- [What to work on] Below, find the line containing "Variabilidad de la"; from there to the final line, print every line exactly and skip the pictures.

- [Information supplied]
________________________________________
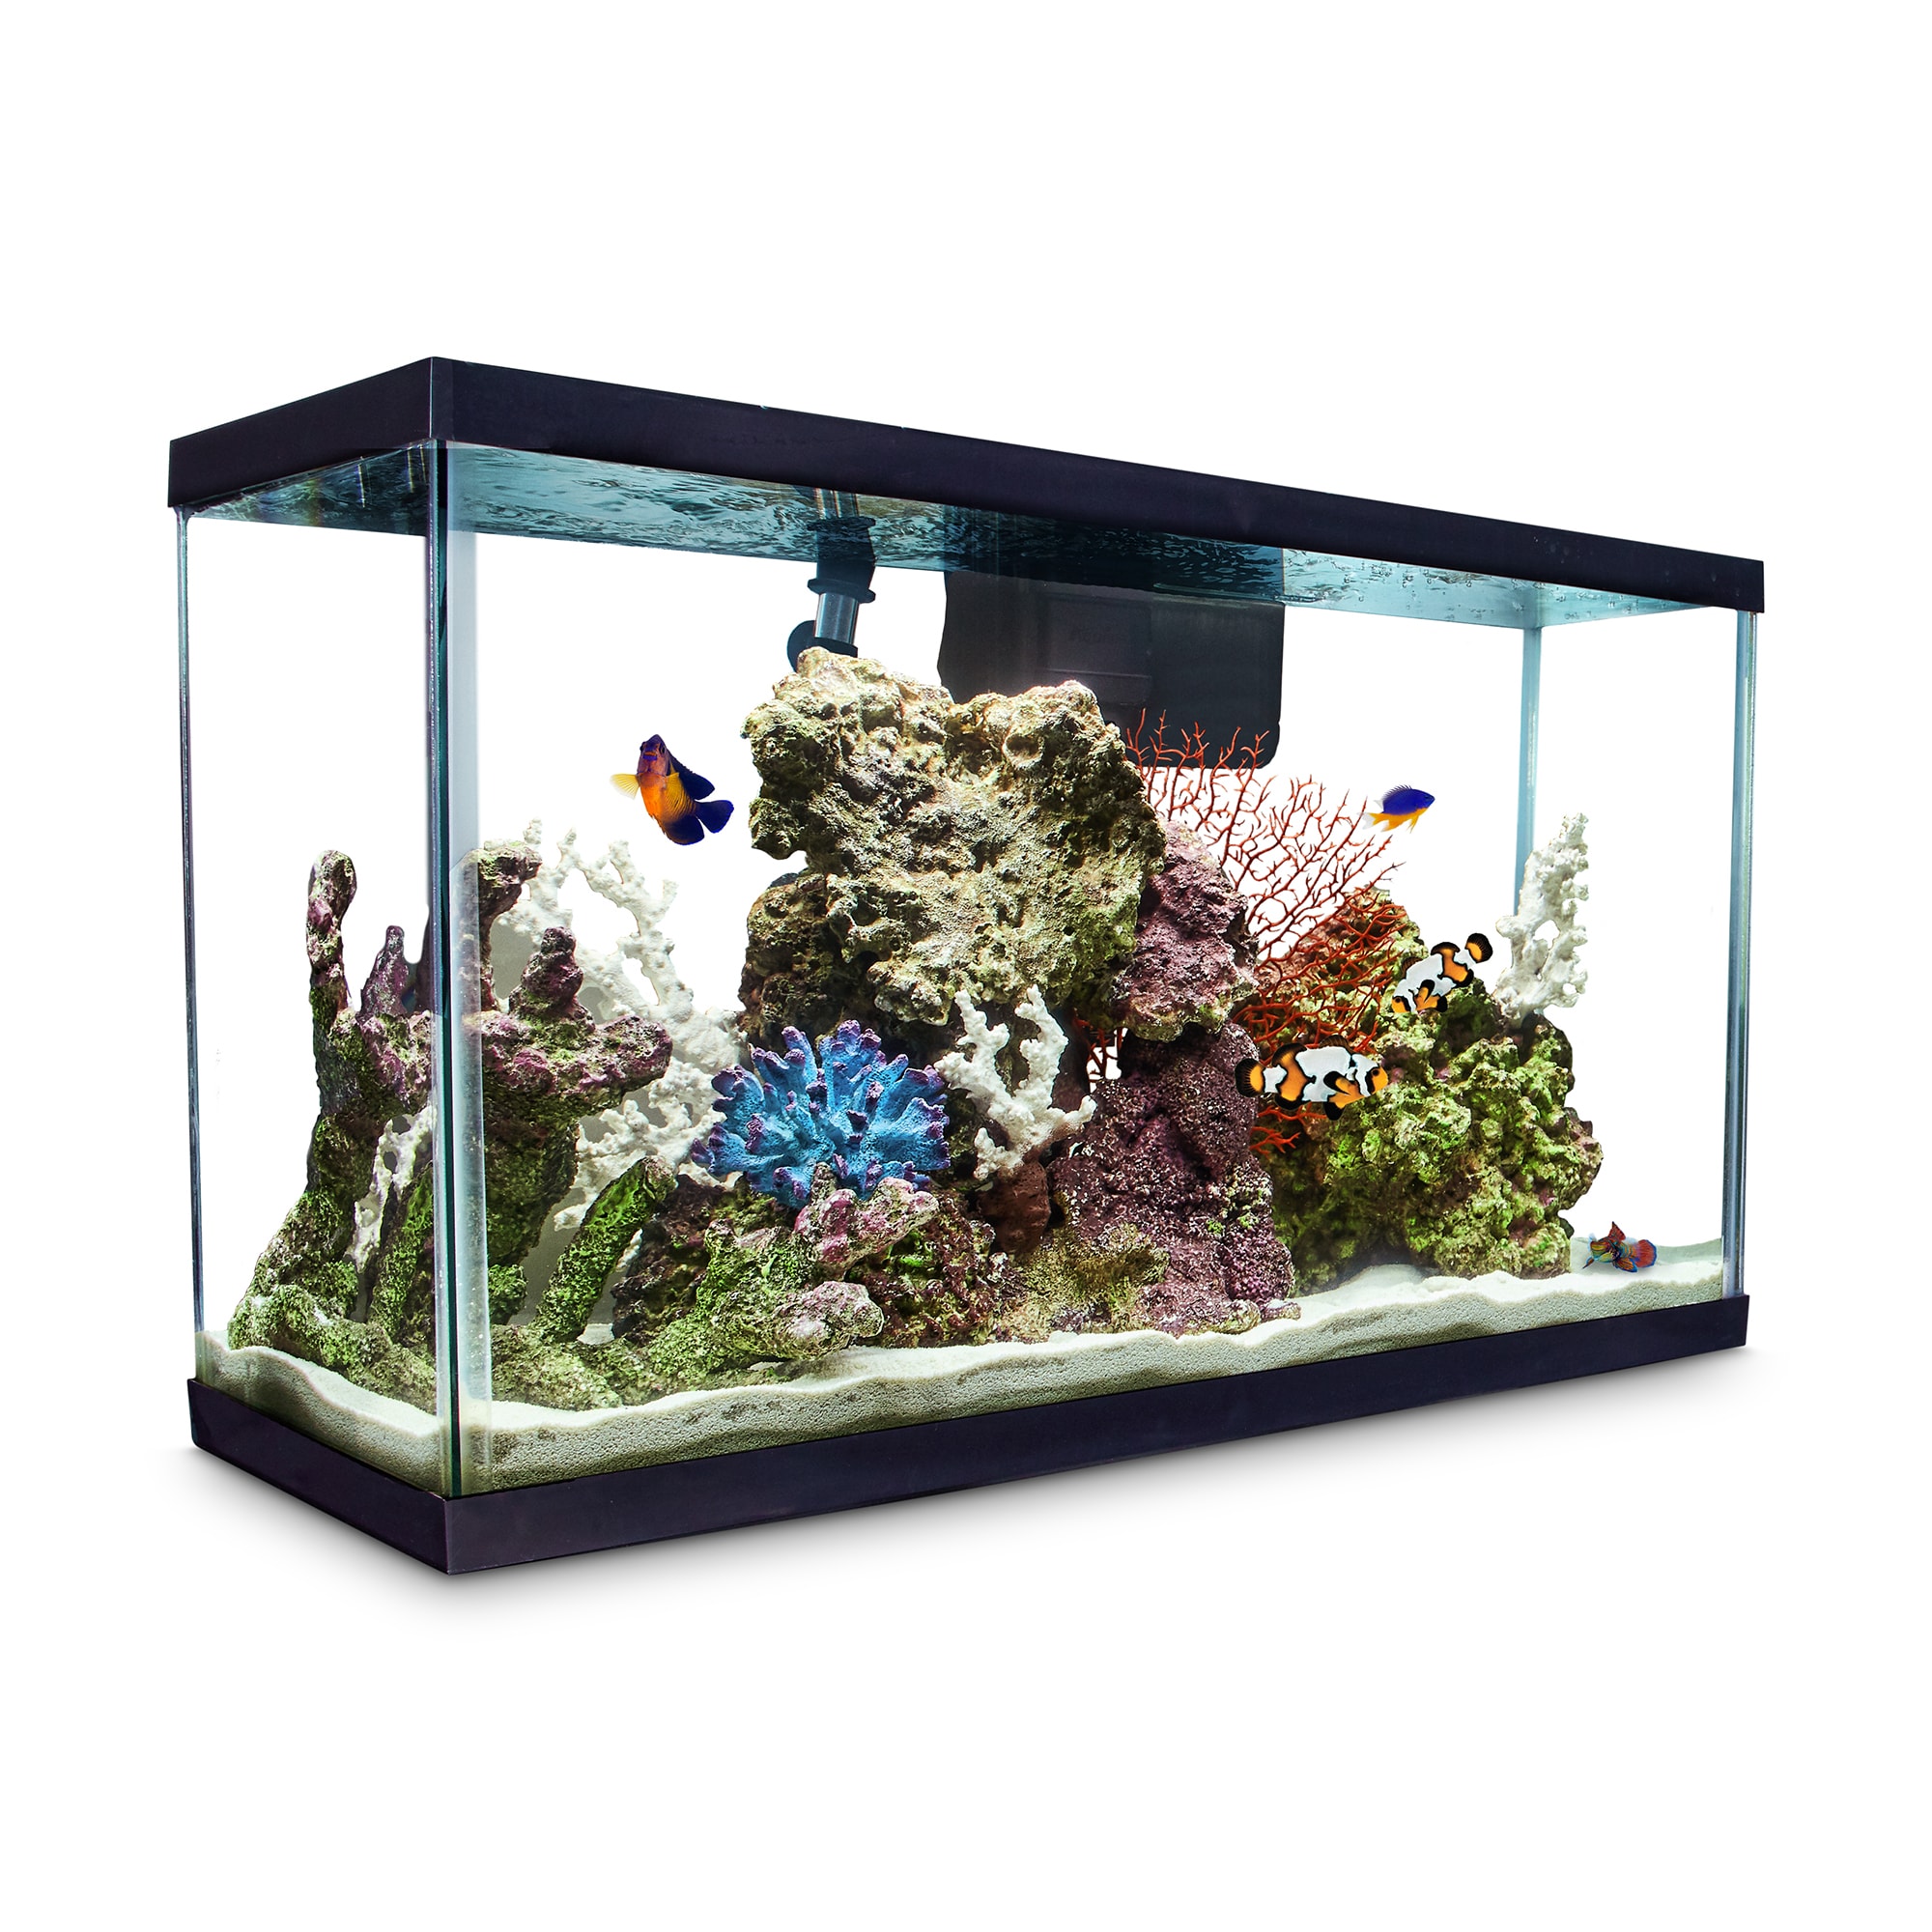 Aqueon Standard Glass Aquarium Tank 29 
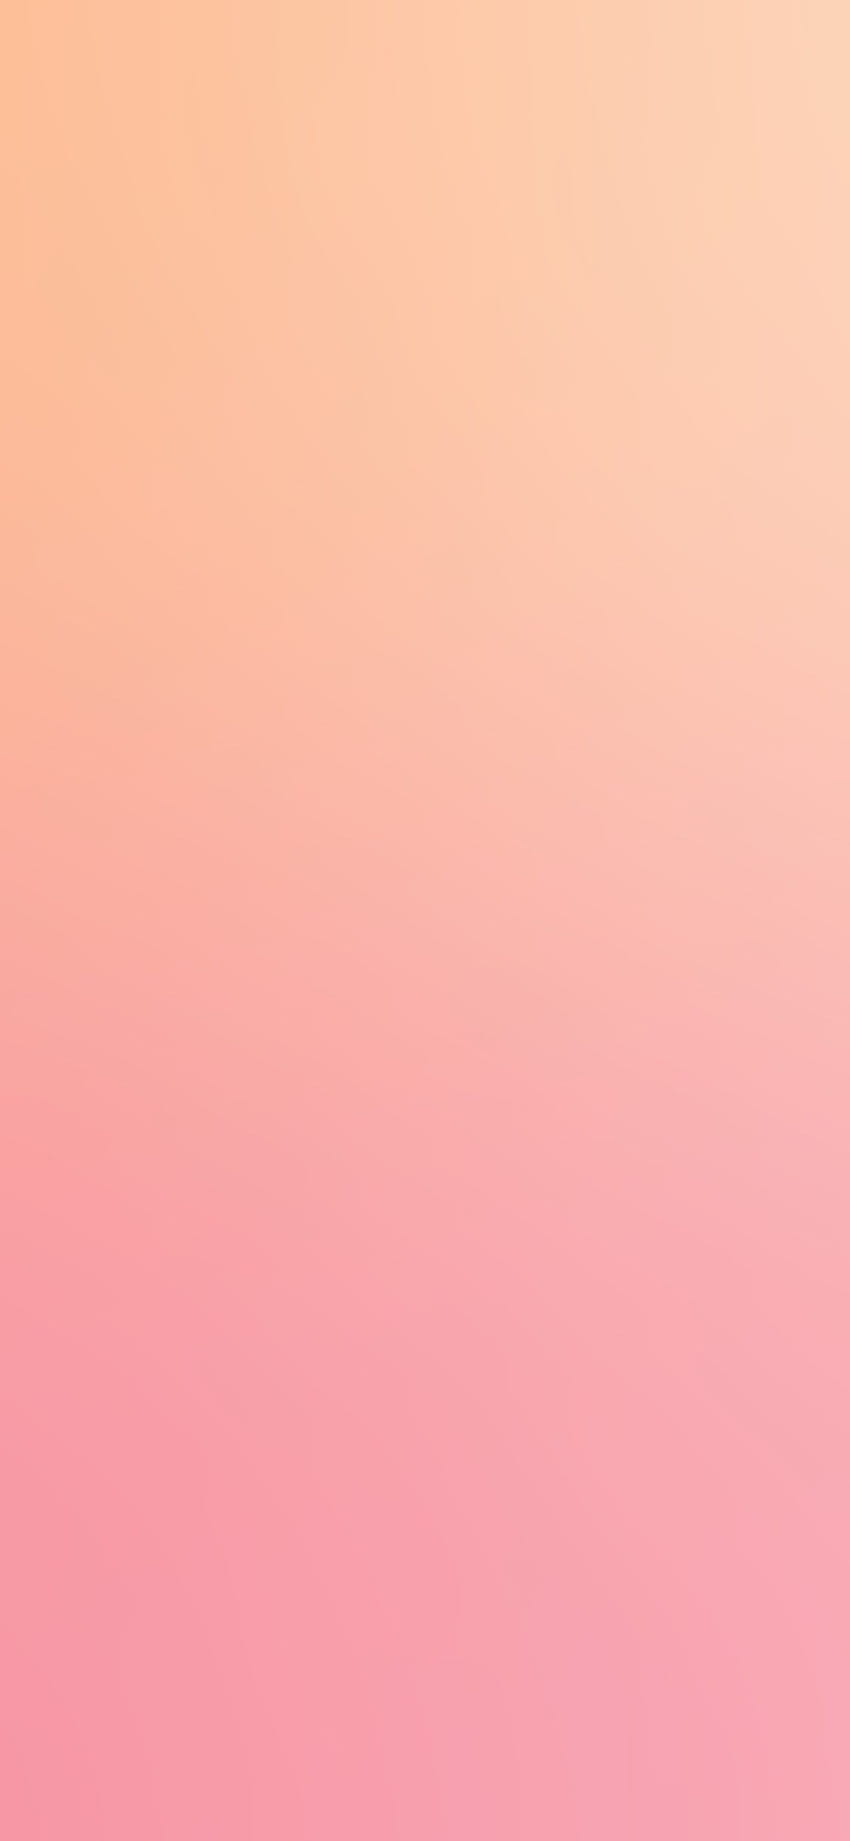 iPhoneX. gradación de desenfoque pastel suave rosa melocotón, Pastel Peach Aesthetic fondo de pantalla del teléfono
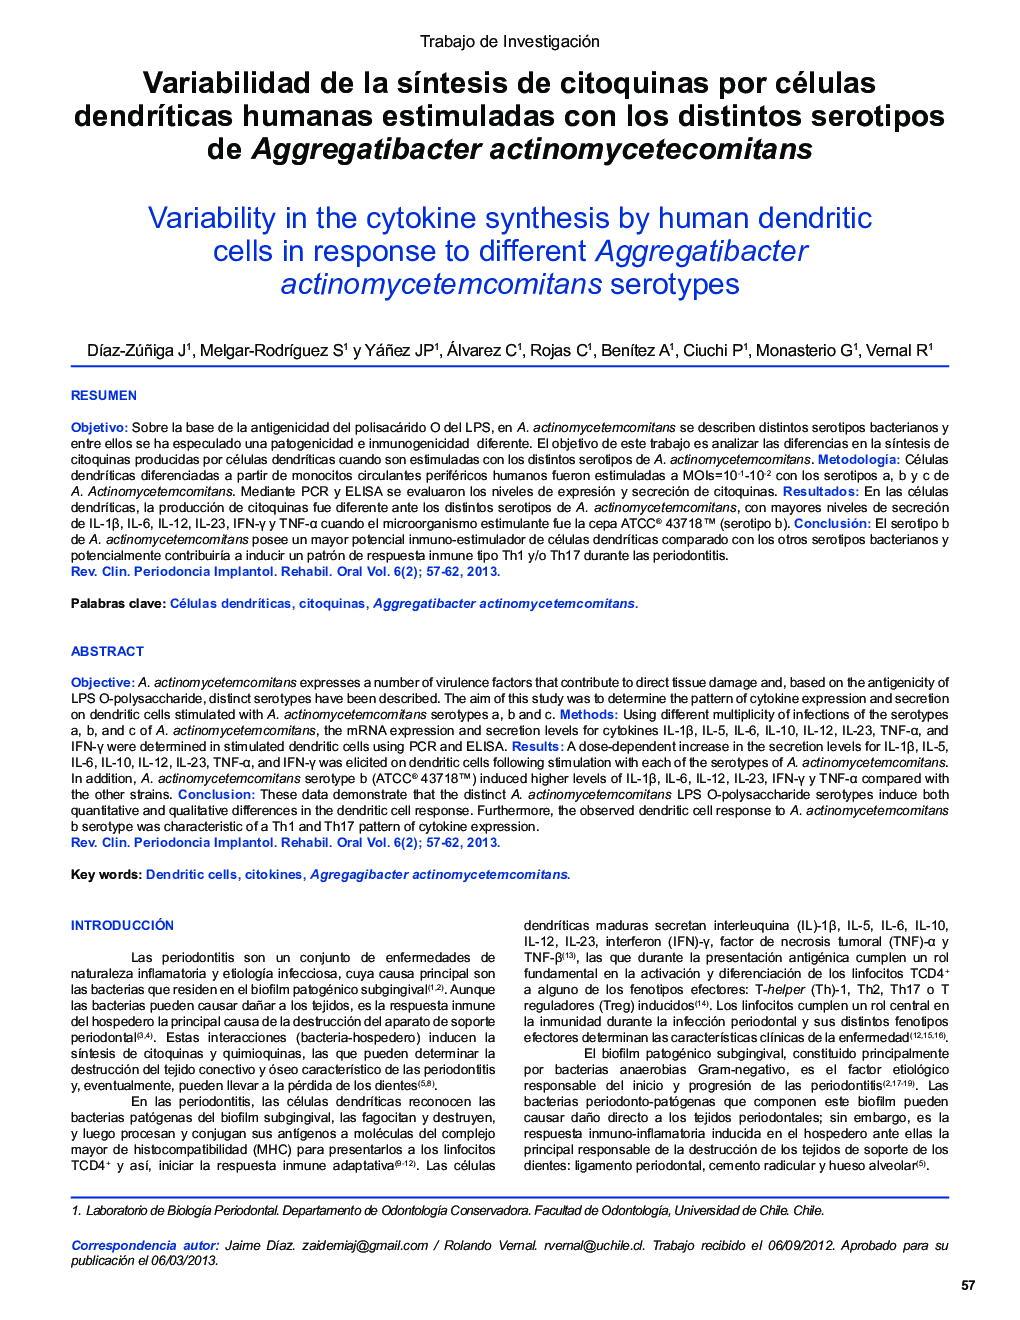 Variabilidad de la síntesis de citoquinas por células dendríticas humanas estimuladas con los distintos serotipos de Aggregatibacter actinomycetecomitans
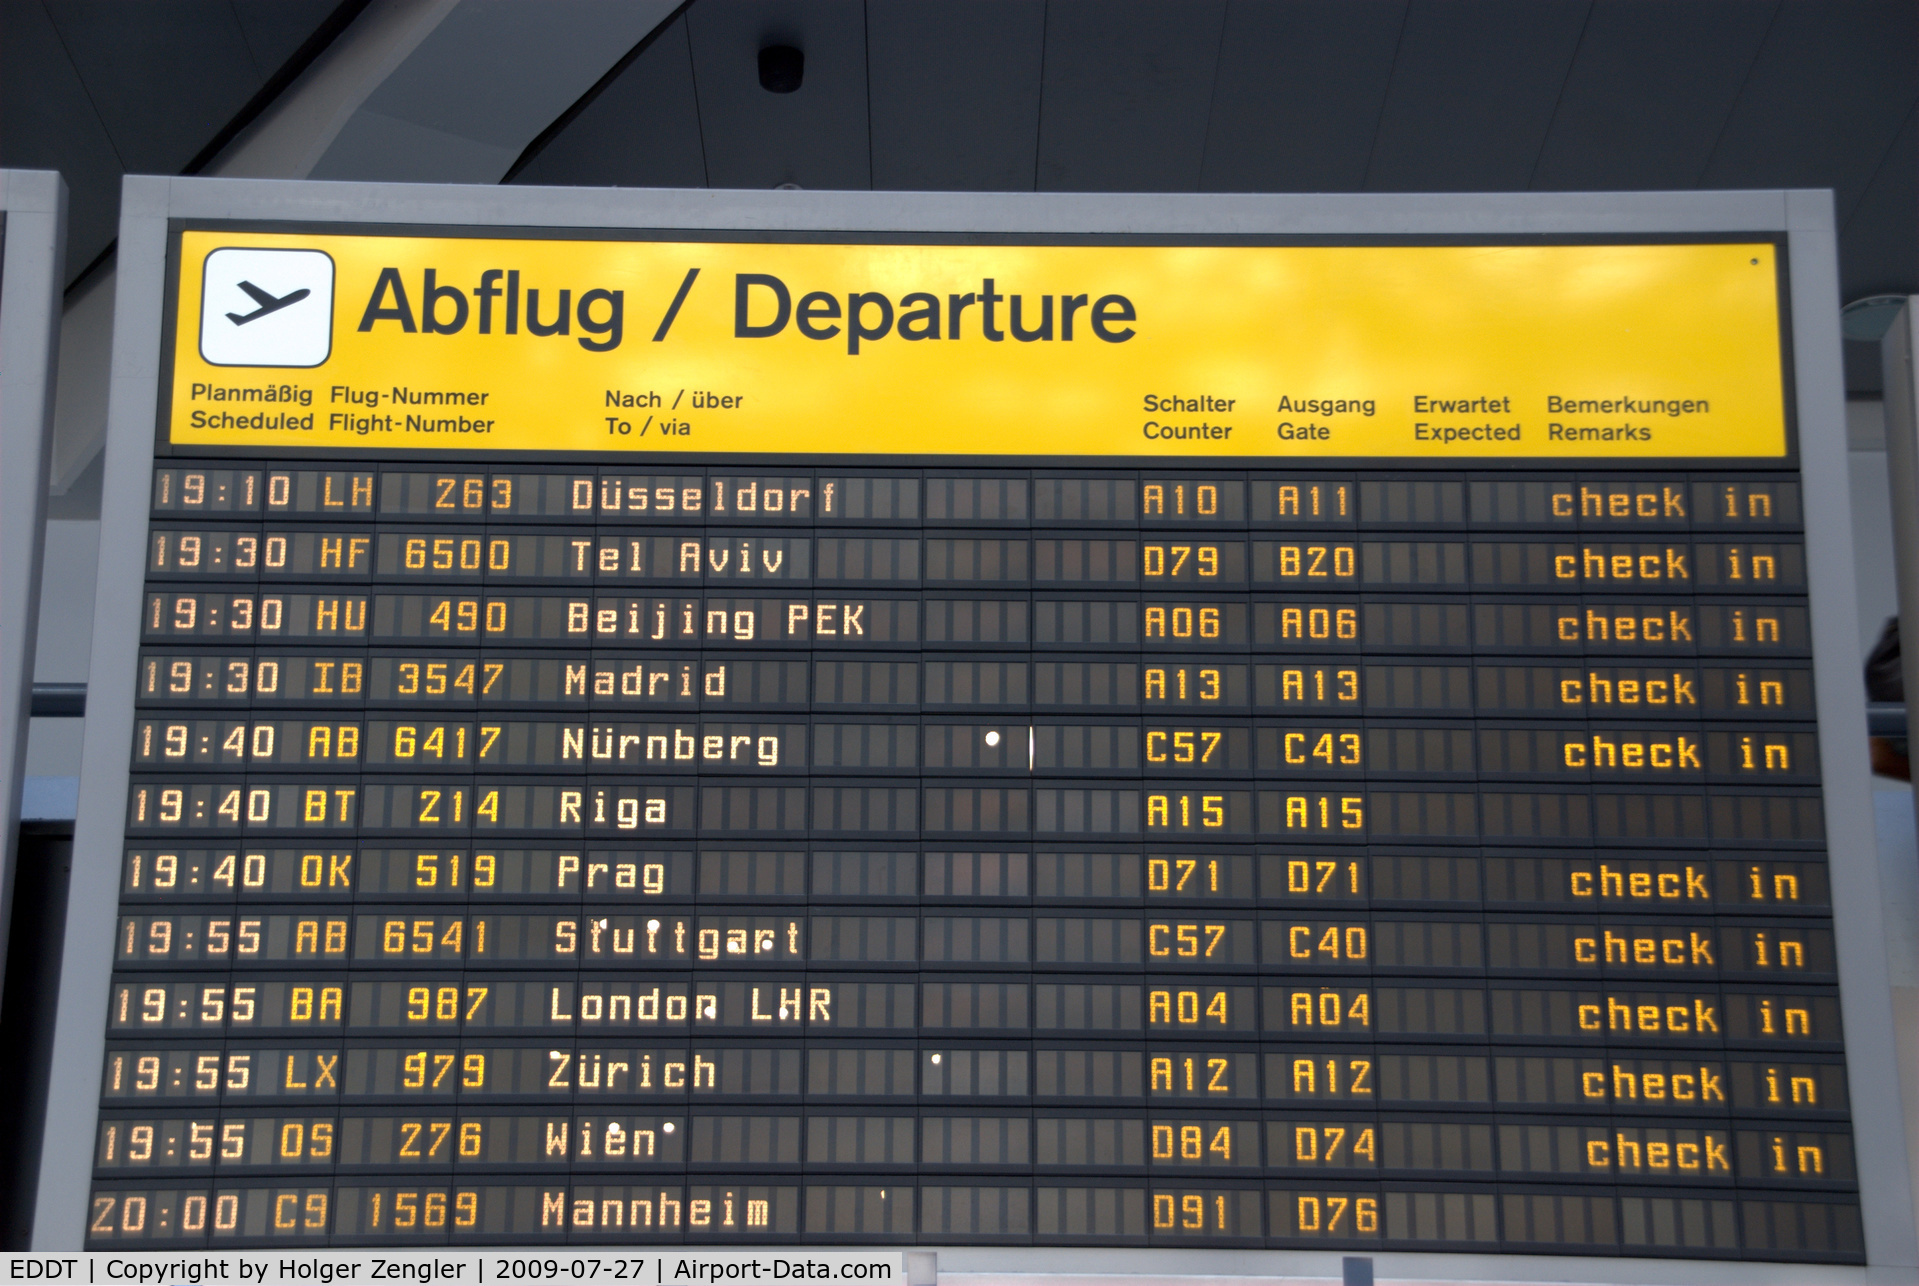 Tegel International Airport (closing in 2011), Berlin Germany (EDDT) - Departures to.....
________________________________________
- [Solution]
 Variabilidad de la síntesis de citoquinas por células dendríticas humanas estimuladas con los distintos serotipos de Aggregatibacter actinomycetecomitans
 Tegel International Airport (closing in 2011), Berlin Germany (EDDT) - Departures to.....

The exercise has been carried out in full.